Great topic! You might be interested in reading this (basically my MTh thesis): 

Thomas A. Watts, "Two Wills in Christ? Contemporary Objections Considered in the Light of a Critical Examination of Maximus the Confessor's Disputation with Pyrrhus," Westminster Theological Journal 71.2 (Fall 2009): 455-487.

James Oakley's picture
Submitted by James Oakley on

Thanks, Tom. I'll look forward to it - I'm sure Garry would have put me onto it anyway, and it'll certainly be in the LS library.

Tom Watts's picture
Submitted by Tom Watts on

I was talking to Garry recently about this very topic, including the Trinitarian side of things and MO's book. Garry supervised the original thesis.

A Stranger from Elea's picture

You know... to quote from Lawrence of Arabia: "A man can do what he wants, but he can't want what he wants. This is the stuff that decides what he wants." When Jesus had to visit the bathroom, are moderners suggesting that that was an example of "divine will"?
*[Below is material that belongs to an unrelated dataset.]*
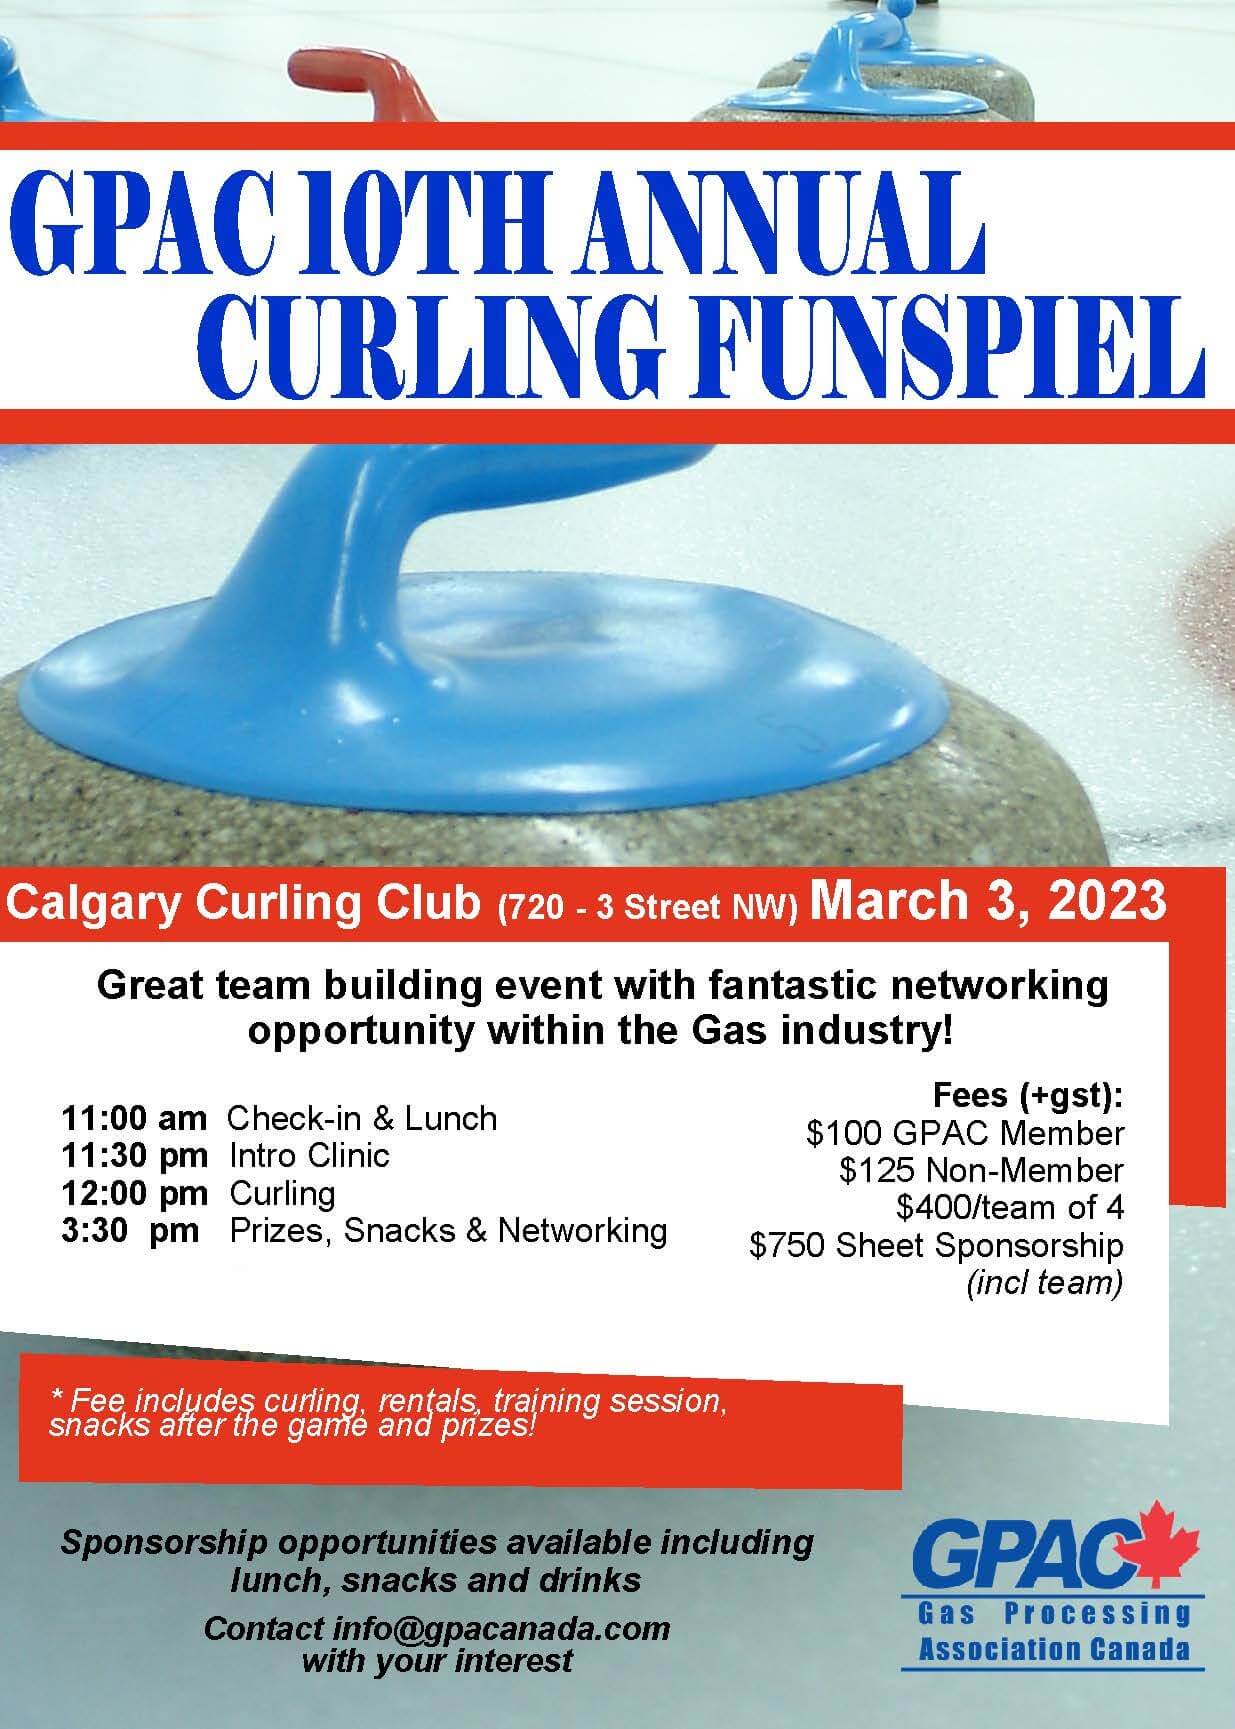 GPAC 10th Annual Curling Funspiel

A Stranger from Elea's picture

The orthodox conclusion is common sense. It is insane to assume that God and the Holy Spirit have different wills. And then via "who are born out of God" God's children also have to partake in that will.
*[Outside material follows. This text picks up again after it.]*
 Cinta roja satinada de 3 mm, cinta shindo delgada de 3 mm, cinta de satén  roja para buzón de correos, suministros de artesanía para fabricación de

Man by nature has three wills as Plato suggested: The leader of the chariot (care), the good horse (heed) and the bad horse (lust as in old english, not modern english, there's a biopic on Henry Purcell that stresses the difference). All of these three can be taken over by the Holy Spirit, but usually it's care that is being taken over, heed sometimes, lust rarely.

If you don't like that division, you can also forget about it. It doesn't change the nature of the relation between the human and the divine will at all. Although if you're interested in a detailed description of the subject at hand, I'd argue to use it, because it greatly helps explaining the complexities of a man's will.